Автор с документальной точностью изучил дело репрессированного директора московского крематория Петра Ильича Нестеренко и написал по нему подробный текст от первого лица, состоящий из сцен допросов, а заканчивающийся приговором и расстрелом обвиняемого. Журнальный текст небольшой, всего 103 страницы. Эти страницы, впрочем, тоже успевают утомить безысходностью и казенностью текста, но все-таки спасибо, Саша, что их не 250, например.

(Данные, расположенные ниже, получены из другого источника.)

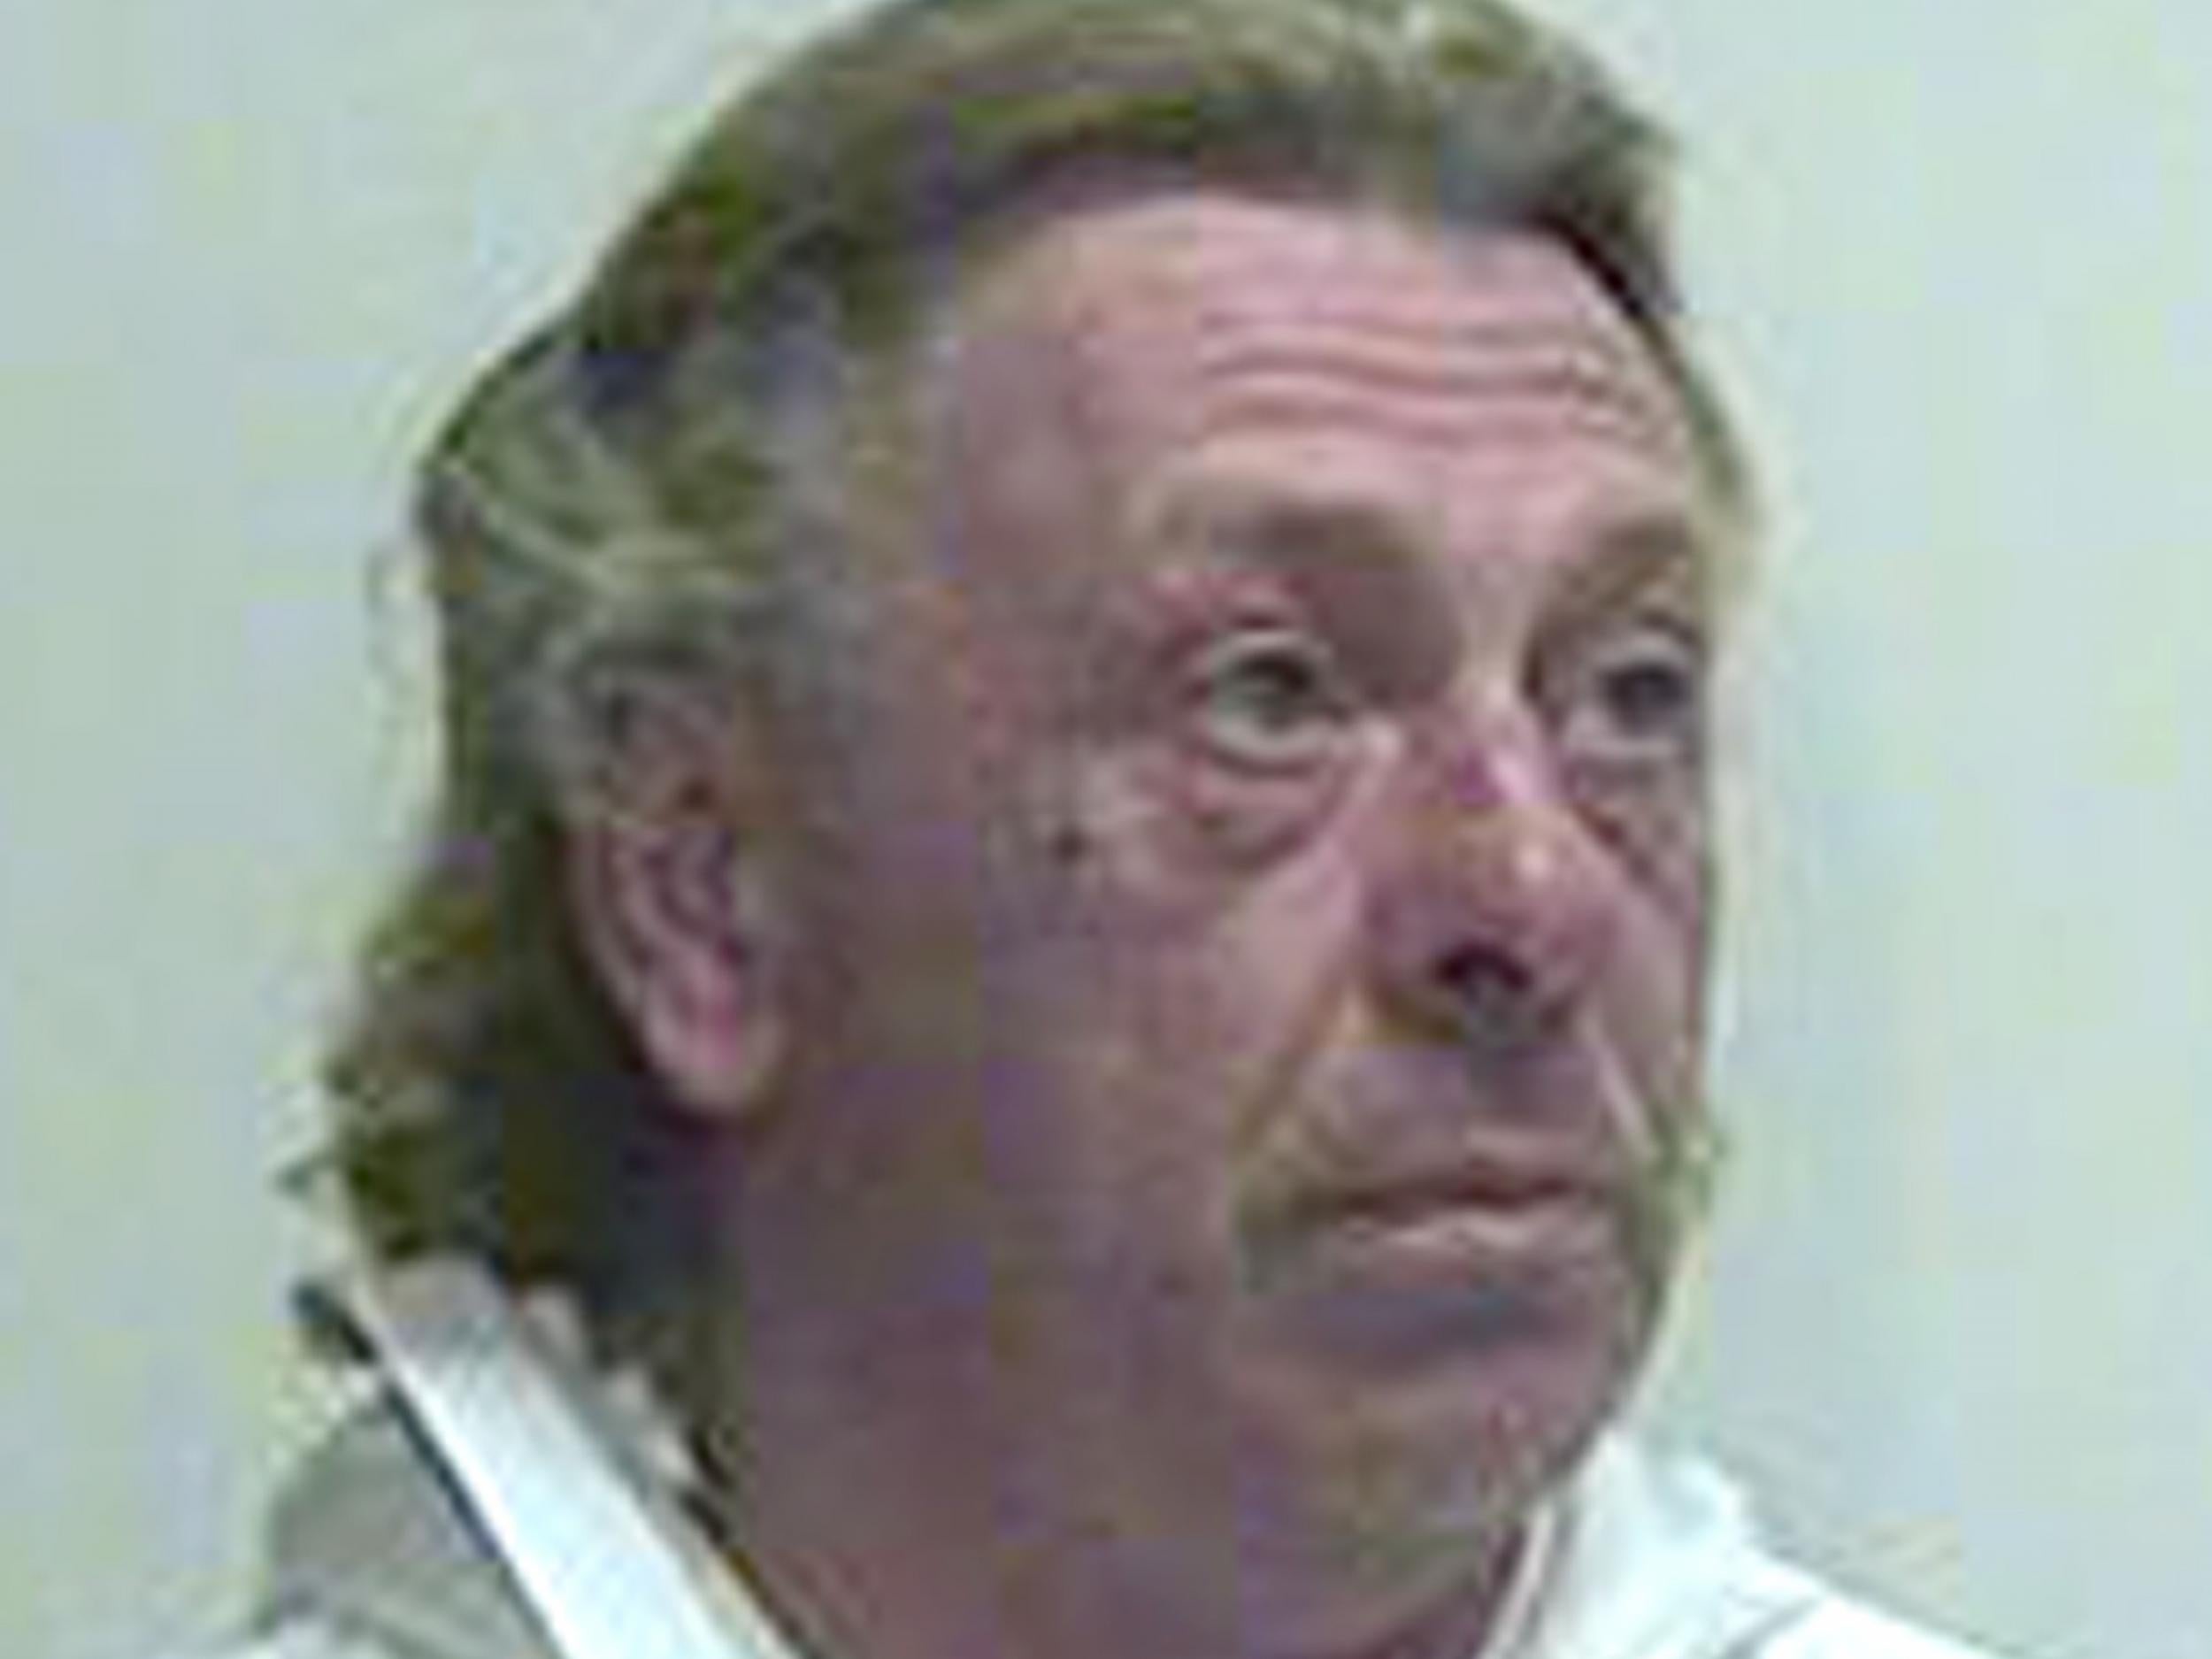 Paul Johnson confessed to the crimes, telling police officers he wanted to watch the buildings burn down, a court heard

Саша Филиппенко – писатель и журналист. В данном случае журналист победил писателя. С самого начала понятно: художественная ценность текста – в самой теме. О том, что святость темы не есть индульгенция для литератора, Саша Филипенко вряд ли задумывался, когда работал над «Кремулятором». Ему хотелось правды, разоблачения, донесения до массового читателя истории неординарного человека, канувшего в Лету. Вот только повесть – это не репортаж.

Безусловно, Филиппенко очень старается внести в описываемый ужас живую нотку. Порой в тексте появляется тарантиновщина – например, там, где Нестеренко рассказывает следователю о своих взаимоотношениях с Василием Михайловичем Блохиным, «аккуратным товарищем», лично расстреливавшим приговоренных.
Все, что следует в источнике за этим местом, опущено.